2016-07-27
MOSCOW, Aug. 20 (AP)--Thousands of people crowded into a Moscow cathedral Sunday to watch as white-robed clerics officially canonized Russia's last tsar, his family, and hundreds of other victims of Soviet repression.

The Archbishops Council, the Russian Orthodox Church's highest body, decided last week to canonize Nicholas II, his wife, and their five children for the humility with which they faced a Bolshevik firing squad in 1918. The seven deserved sainthood for their "meekness during imprisonment and poise and acceptance of their martyrs' death," according to a church statement.

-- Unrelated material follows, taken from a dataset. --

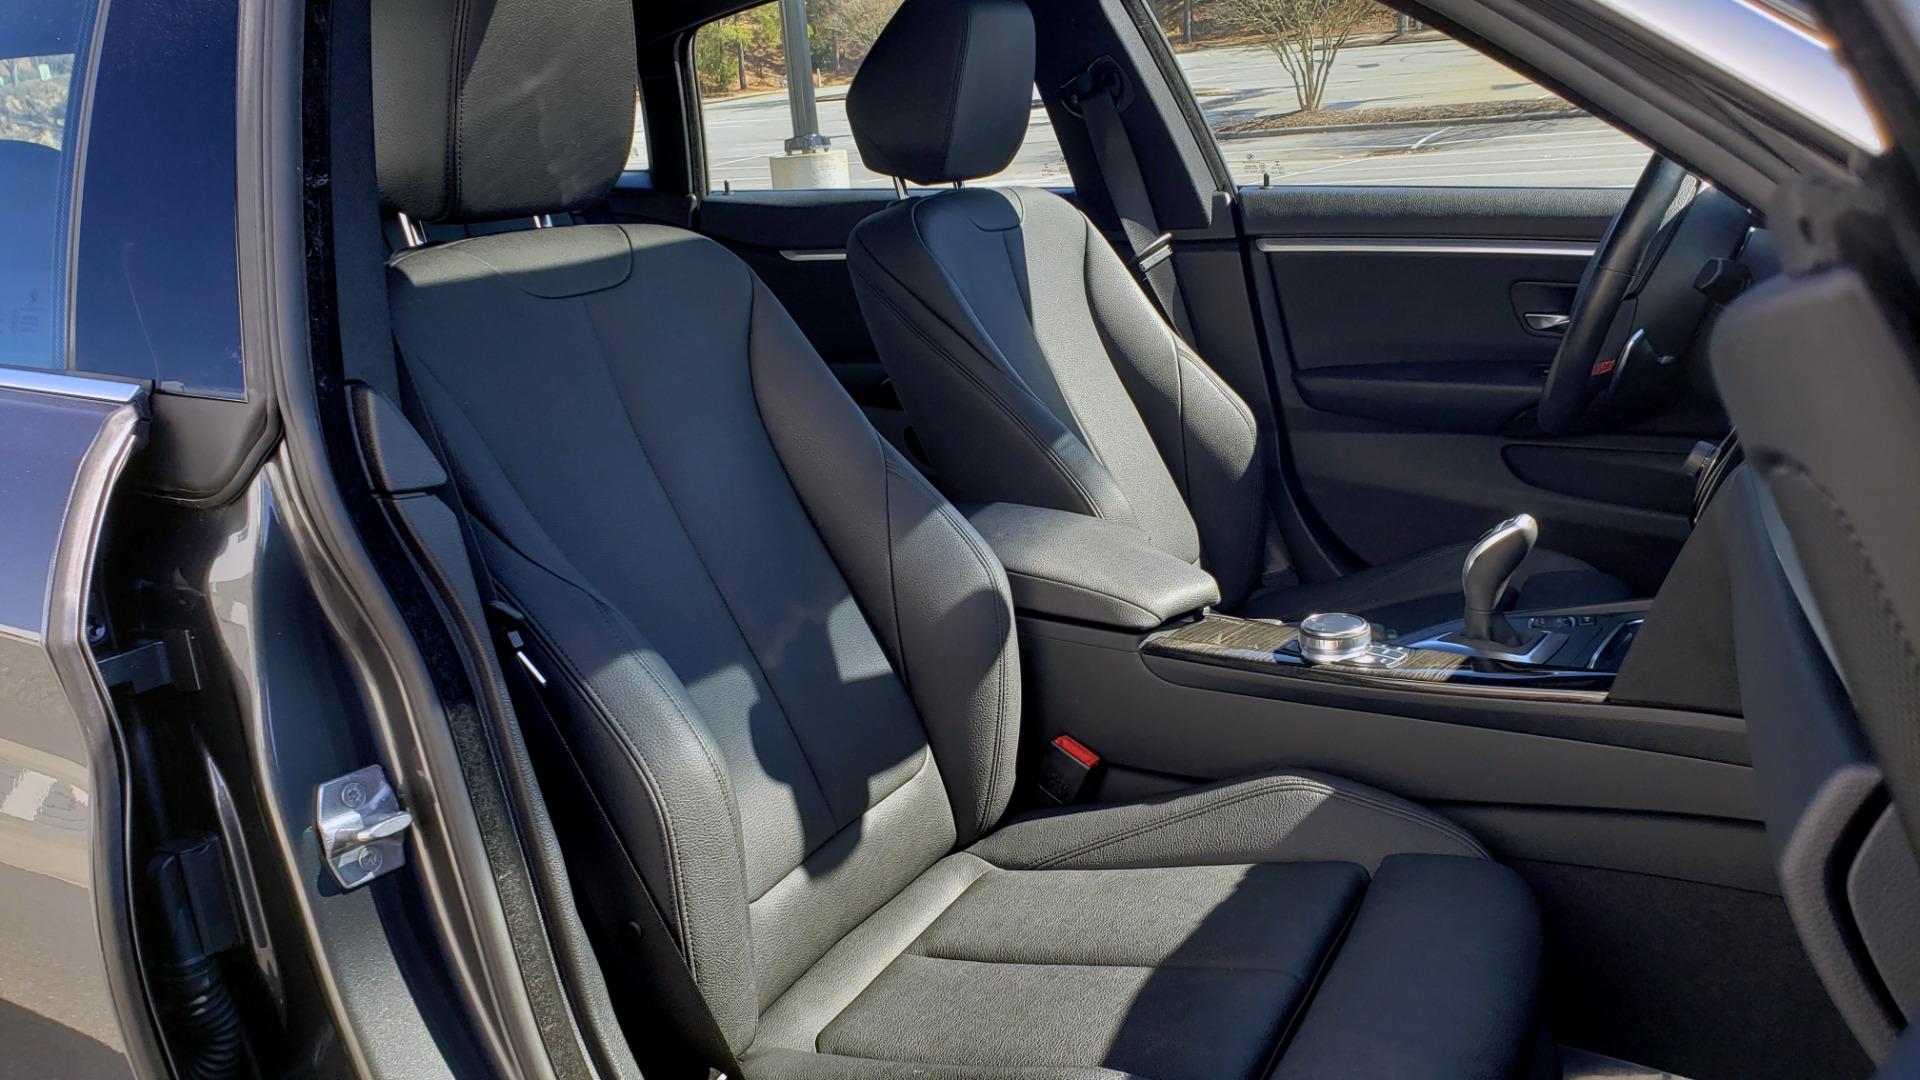 Used 2018 BMW 4 SERIES 430IXDRIVE / PREMIUM / NAV / SUNROOF / ESSENTIALS PKG for sale $29,495 at Formula Imports in Charlotte NC 28227 66

Some of the people who packed into Christ the Savior Cathedral for Sunday's service carried icons bearing Nicholas' image. Members of the Archbishops Council, dressed in embroidered white robes and miters sparkling with gold and silver, officiated.

During the ceremony, the church also canonized 1,147 other Russians from the 20th century, many of them priests and monks killed by the Soviets.

Nicholas was a largely ineffective monarch who only grudgingly implemented political reforms. He was helpless to stop the Bolshevik revolution and abdicated as tsar on March 15, 1917, as revolutionary fervor swept Russia.

He and his family were detained. In April 1918, they were sent to the Ural Mountains city of Yekaterinburg, where a firing squad lined them up in the basement of a palace and shot them on July 17.

Debate on canonizing Nicholas II and his family dragged on for years. Some believers regarded him as a saint and claimed that icons of the tsar have worked miracles, but the church was concerned that canonizing Nicholas could be seen as an endorsement of his political actions.

Canonizing the royal family as so-called "passion bearers"--the lowest level of sainthood--is intended to appease Nicholas' supporters and avoid controversy.

The Russian Orthodox Church Abroad, which split from the Moscow-based church in the 1920s, has already made Nicholas II and his family saints, along with thousands of other Soviet-era victims. The issue had been a major obstacle to reuniting the two churches.